▶ WHAT YOU SHOULD DO:
You are asked to repeat the listing word for word and to leave out its pictures.

Top of DATA BLOCK

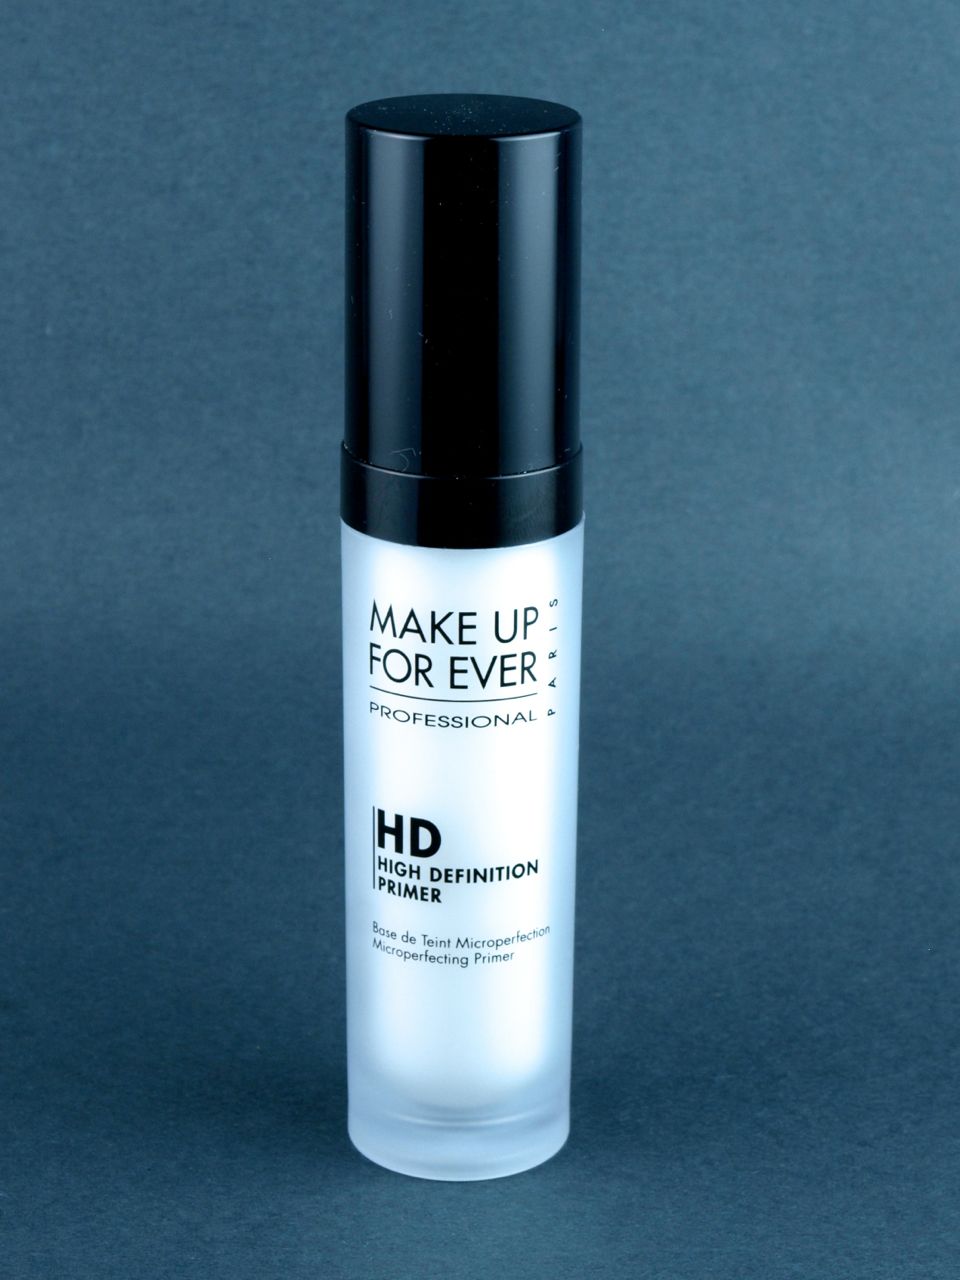 Make Up For Ever HD High Definition Primer in "0 Neutral": Review and Swatches
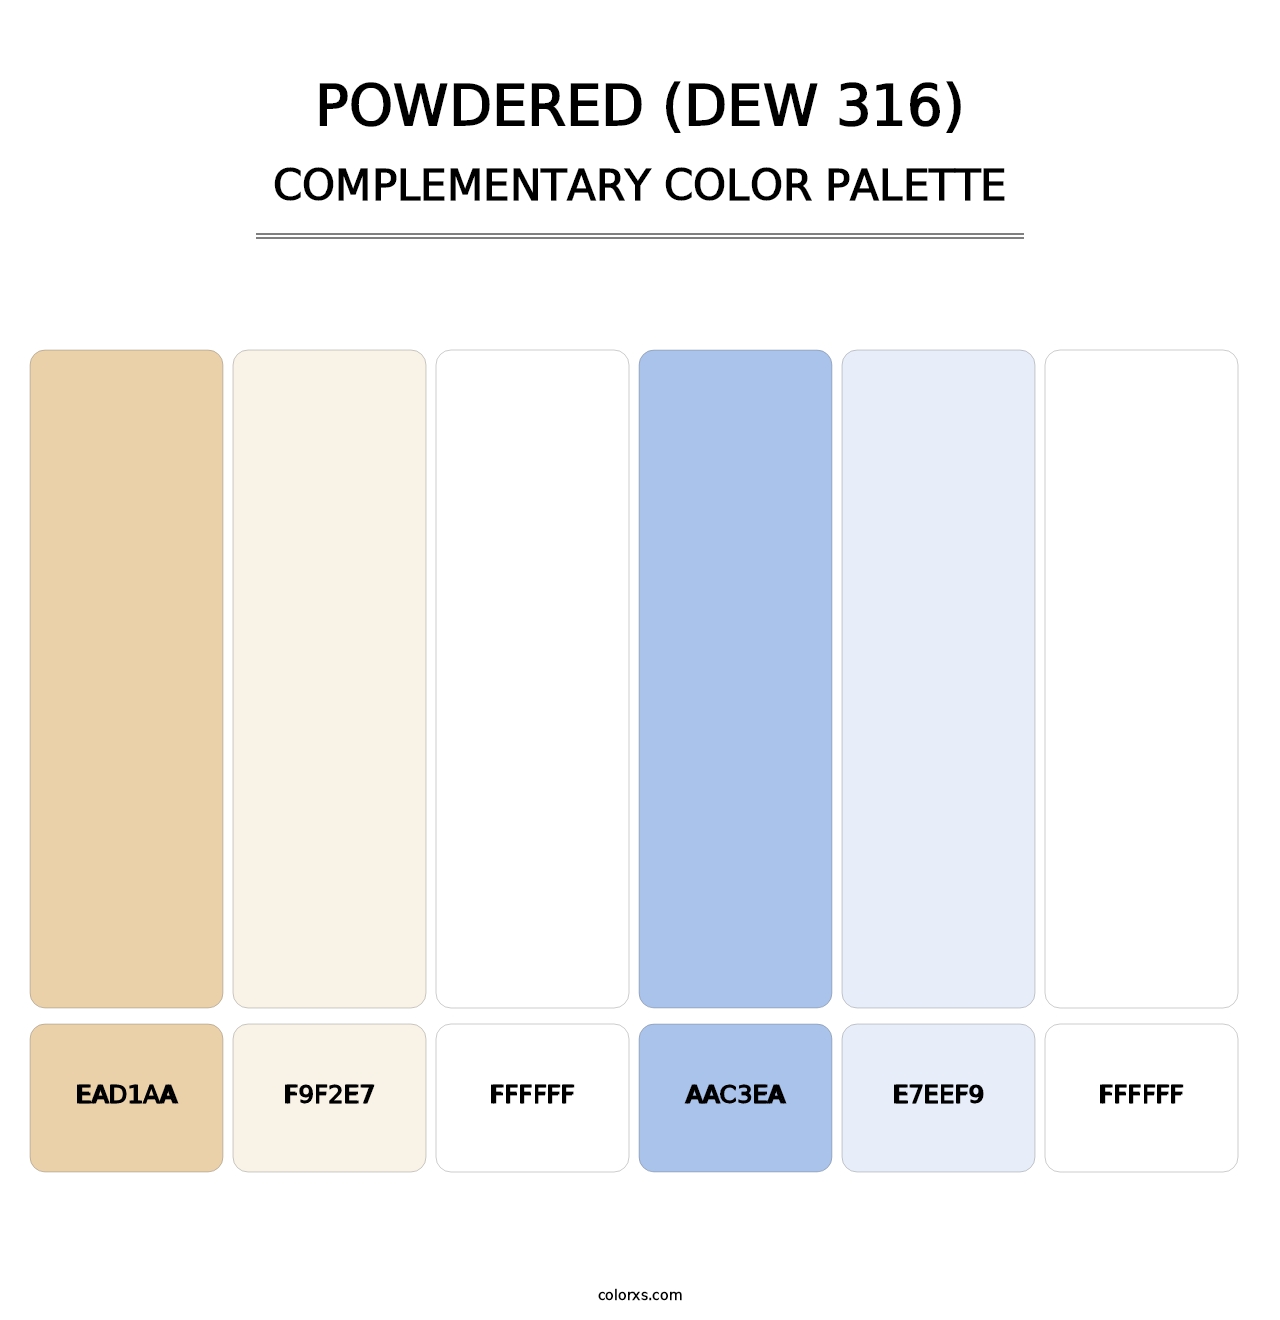 Powdered (DEW 316) - Complementary Color Palette
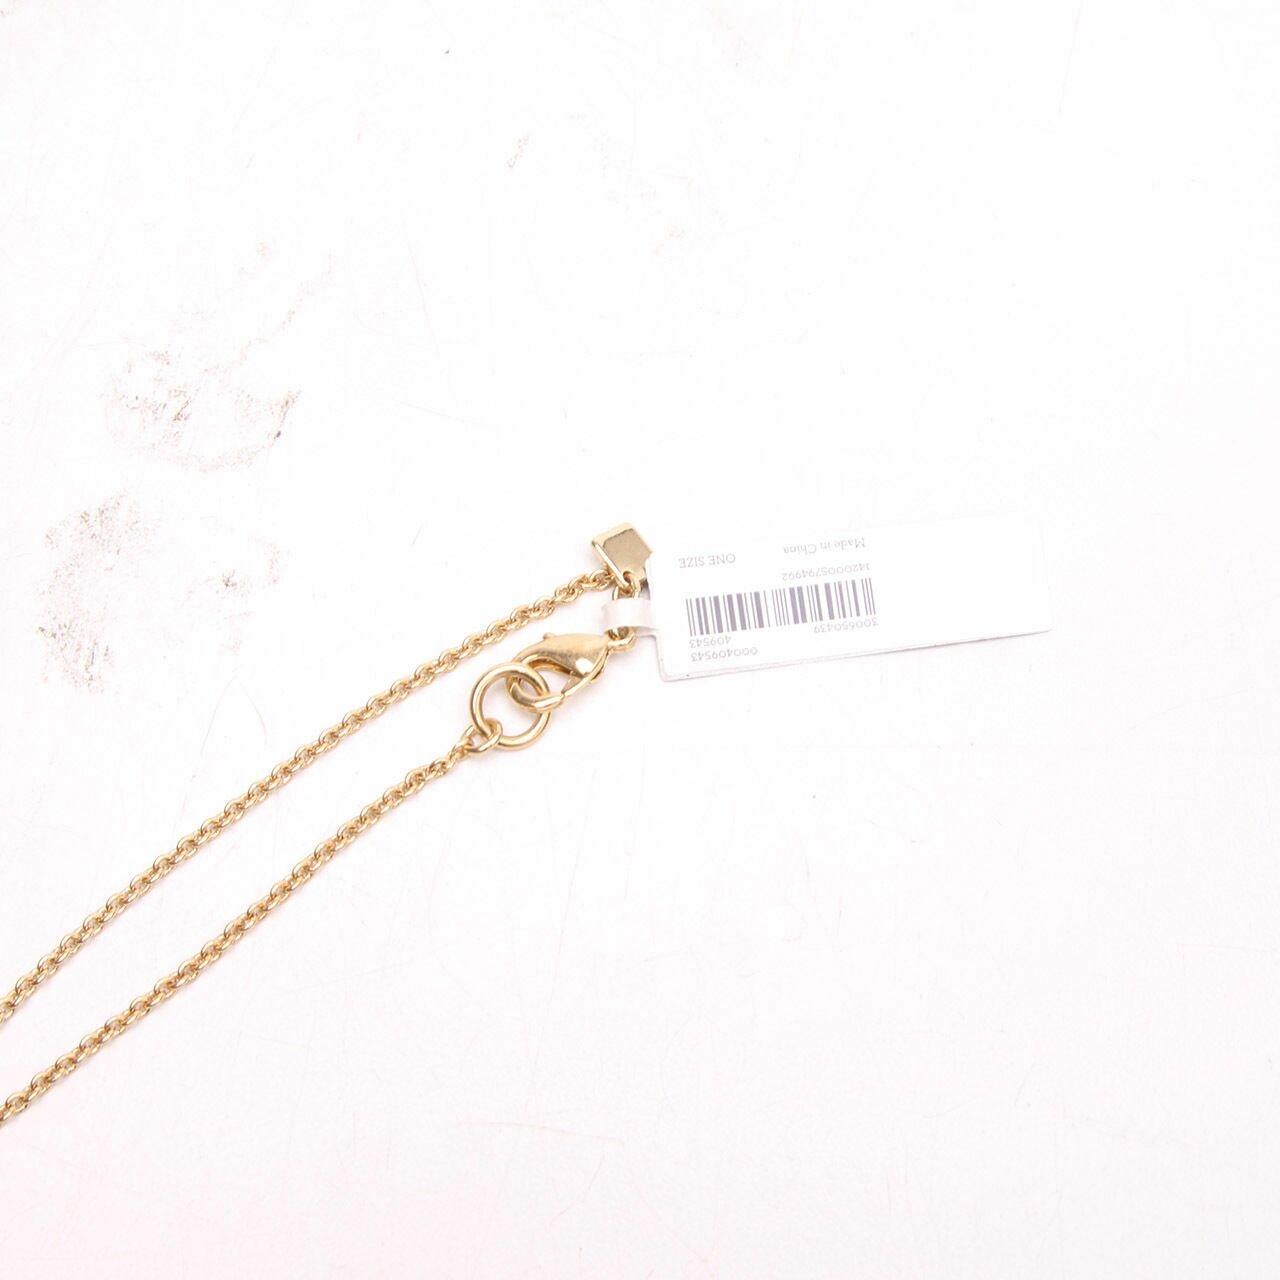 Banana Republic Gold Necklace Jewelry

Bottom of DATA BLOCK

▶ RESULT:
 Make Up For Ever HD High Definition Primer in "0 Neutral": Review and Swatches
 Powdered (DEW 316) - Complementary Color Palette
 Banana Republic Gold Necklace Jewelry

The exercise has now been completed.